Jana Spengler

Personal information
- Date of birth: 30 January 1995 (age 31)
- Place of birth: Germany
- Height: 1.76 m (5 ft 9 in)
- Position: Forward

Team information
- Current team: VfB Stuttgart
- Number: 18

Youth career
- 2003–2012: VfL Sindelfingen
- 2013–2015: South Florida Bulls

Senior career*
- Years: Team / Apps / (Gls)
- 2011–2013: VfL Sindelfingen / 17 / (3)
- 2017–2022: VfL Sindelfingen / 58 / (20)
- 2022–2023: VfL Herrenberg / 23 / (8)
- 2023–: VfB Stuttgart / 25 / (13)

International career^{‡}
- 2010: Germany U-15 / 1 / (0)
- 2011: Germany U-16 / 1 / (0)
- 2011–2012: Germany U-17 / 5 / (2)

= Jana Spengler =

German footballer (born 1995)

Jana Spengler (born 30 January 1995) is a German footballer who plays as a forward for VfB Stuttgart.

== Club career ==
Spengler began her career at VfL Sindelfingen, aged eight. She went through all junior divisions, reaching the finals of the German U-17 championship and scoring both goals in a 2-3 loss to Turbine Potsdam.

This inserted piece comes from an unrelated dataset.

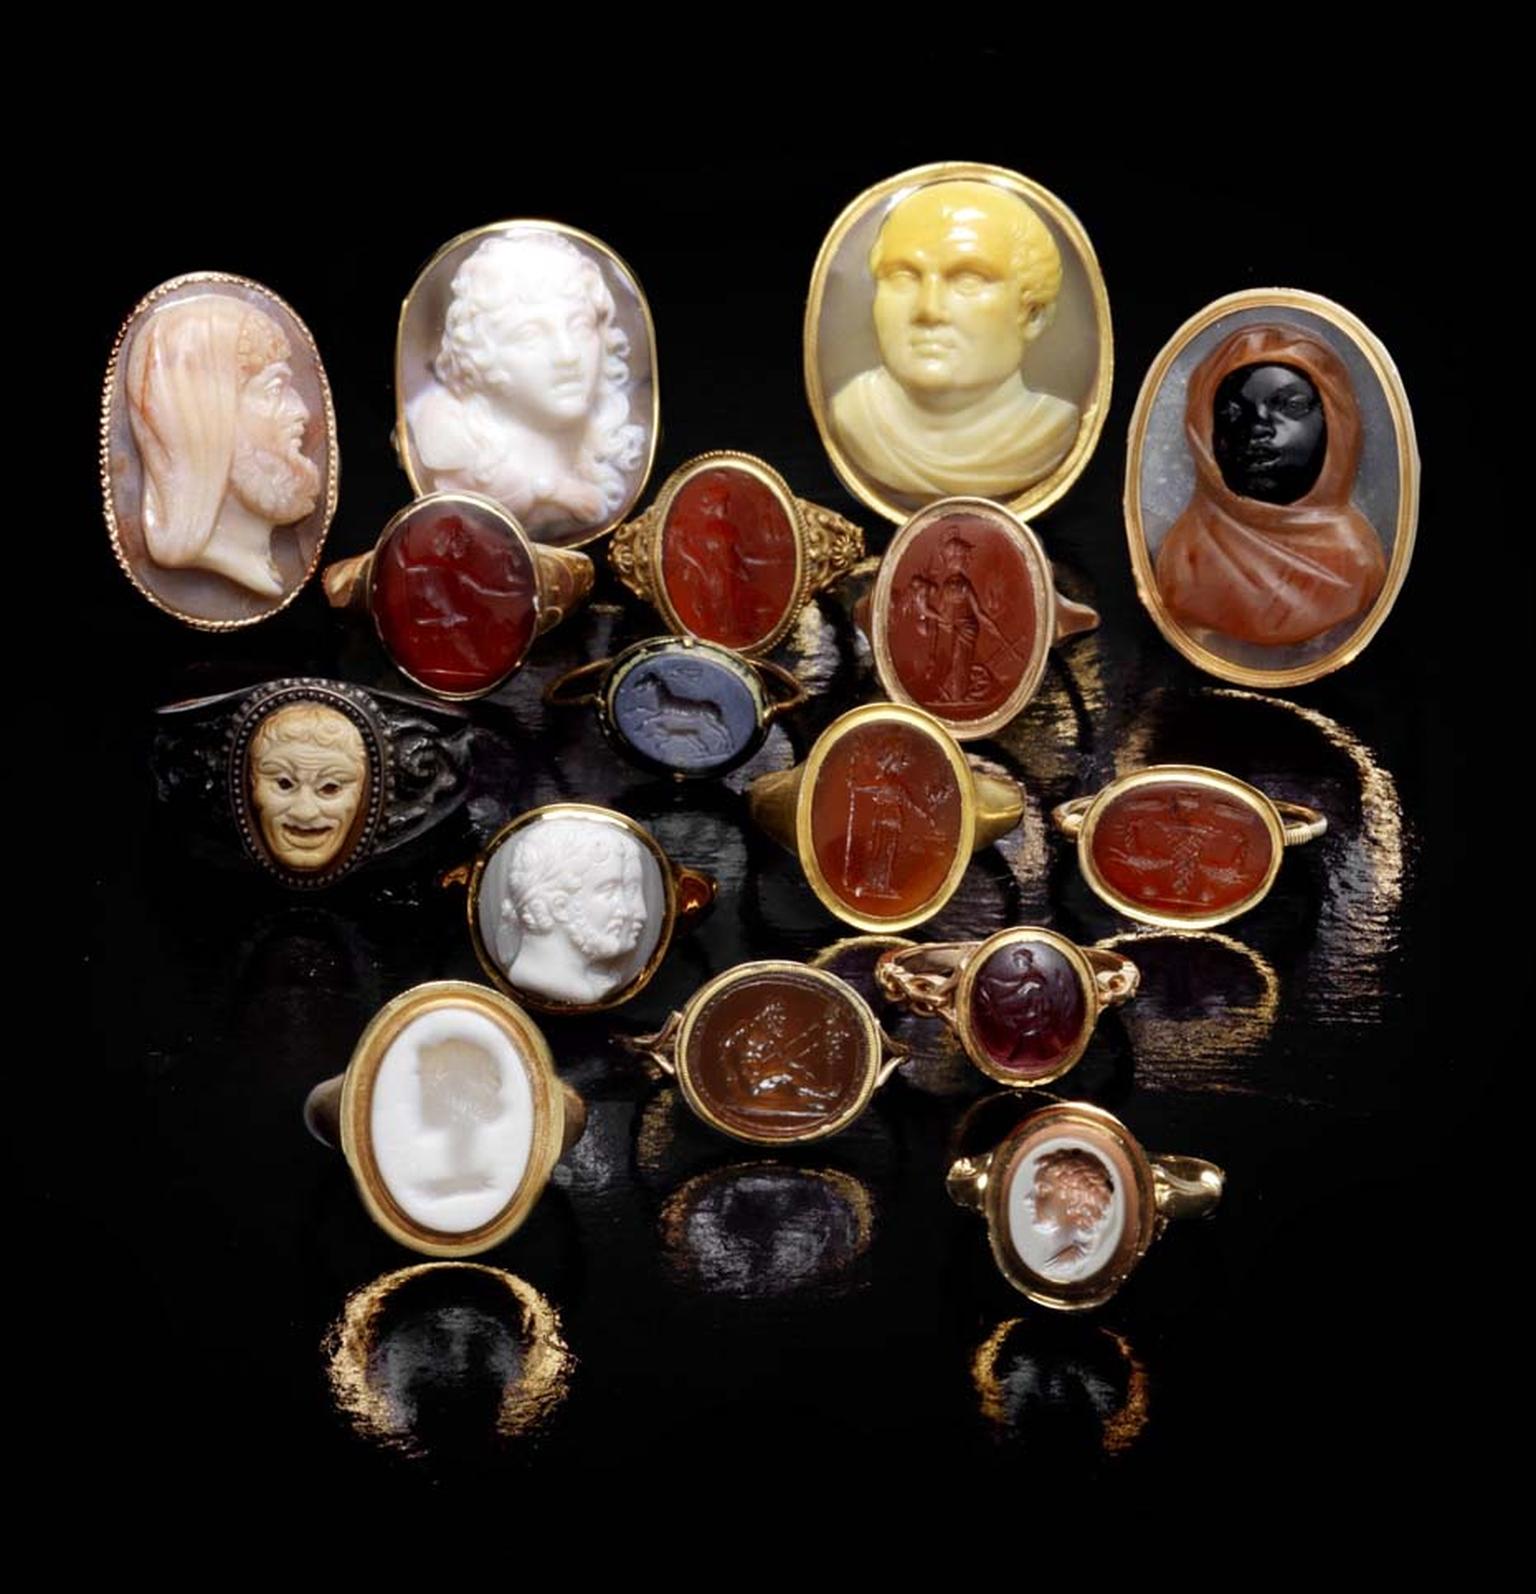 Emily Barber, Director of Bonhams Jewellery Department, comments: "Since ancient times, cameos and intaglios have been regarded as the discerning person's status symbol; with the sale of The Ceres Collection of 101 exquisite rings, Bonhams hopes to attrac

Her maiden first-team appearance came on 4 December 2011 in a 2. Bundesliga fixture versus ETSV Würzburg. Sindelfingen won the title that year and got promoted to the Bundesliga, as Spengler played five matches despite being plagued by injuries. During the 2012–13 Bundesliga season Spengler scored her first Bundesliga goal in a win against Freiburg. Spengler left Sindelfingen in the summer of 2013 to join South Florida Bulls, the college team of University of South Florida.

She returned to Sindelfingen in 2017. Her next move came in 2022, when she joined VfL Herrenberg. A season later, Spengler transferred to VfB Stuttgart. She scored 12 goals in her first season, the second-most alongside Mandy Islacker and behind Jana Beuschlein (21 goals), helping Stuttgart to take the Oberliga Württemberg title. She also extended her contract until 2026. In 2024–25, Stuttgart continued its run through the divisions, winning the Regionalliga Süd.